Now that I’ve explained all this I can now divulge some of our phone conversation and why I will always answer phone calls from close friends.

Since the last time I spoke with my pal he has suffered some terrible losses. One of the members of his reserve unit died in a terrible motorcycle accident, another committed suicide and his units commander is now retiring. Basically, three of his closest and most trusted friends have disappeared from his life. It pains me to even think of something like this happening to me and during my conversation with Steve I could feel the pain he was trying to hold inside. He told me he’s been in “ghost” mode since he got the news. I couldn’t blame him. How could I?

Here is a close friend, a soldier, a hero, a brother in arms and a man I would take a bullet for in pain. I listened to what he had to say, we made jokes when with each other when appropriate. We talked about people we both know, new internet sites, future vacation plans, horror books, women and cigars. We talked about everything but the crap that causes us stress. It was a great conversation. A much needed conversation.
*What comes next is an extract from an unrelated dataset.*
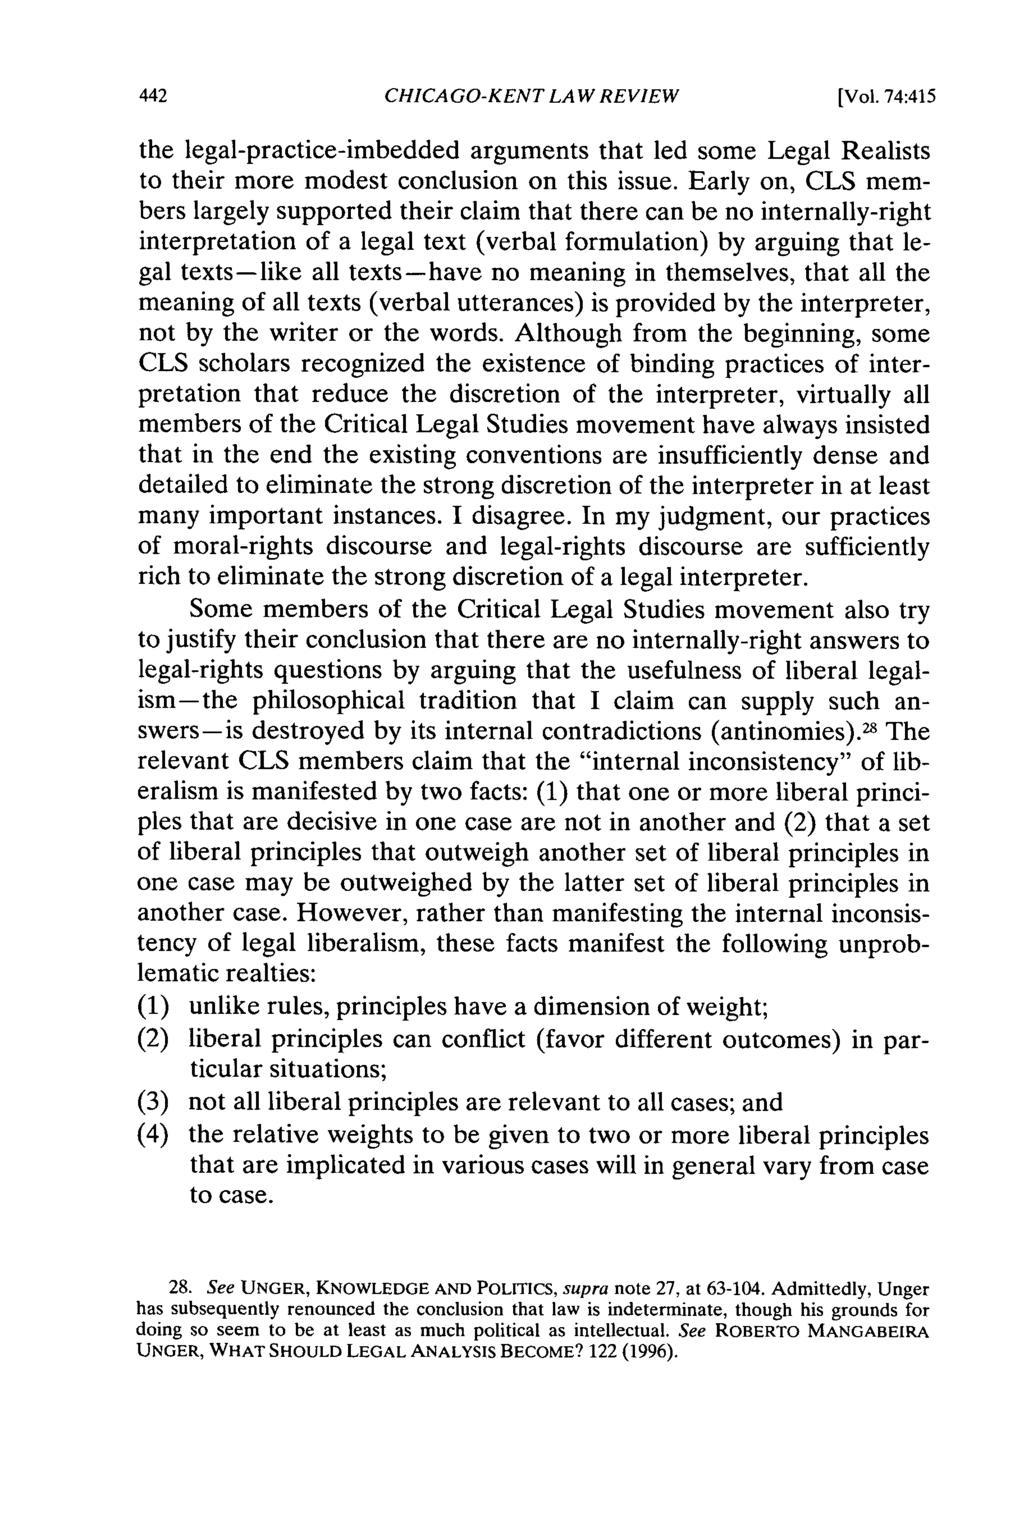 CHICAGO-KENT LAW REVIEW [Vol. 74:415 the legal-practice-imbedded arguments that led some Legal Realists to their more modest conclusion on this issue.

I hope it is not our last.

Steve is more loyal to the people he cares about than he probably should be. He will bend over backwards to help a buddy out when they are in need. Hell, he’ll even bail your ass out of jail if he isn’t in jail with you. He drinks Yngling by the case and Jameson by the gallon. He smokes his cigarettes by the pack and will stay out until it’s time to go to work. He is a hooligan who celebrates his Irish heritage with pride and knows more Polish jokes than I know Irish jokes. My pal is hurting and I hurt for him. I don’t know where he is tonight and I know he is working through a lot of crap that would crush most people. I pray for his safety and a guiding light to help him through the dark times that seem to have fallen on him.

Thanks for reading, and if you run into a short, dark haired Irishman who has had too much to drink and is looking for a fight tonight with some crazy tattoos from foreign tattoo artists. Try to gently guide him into a safe harbor.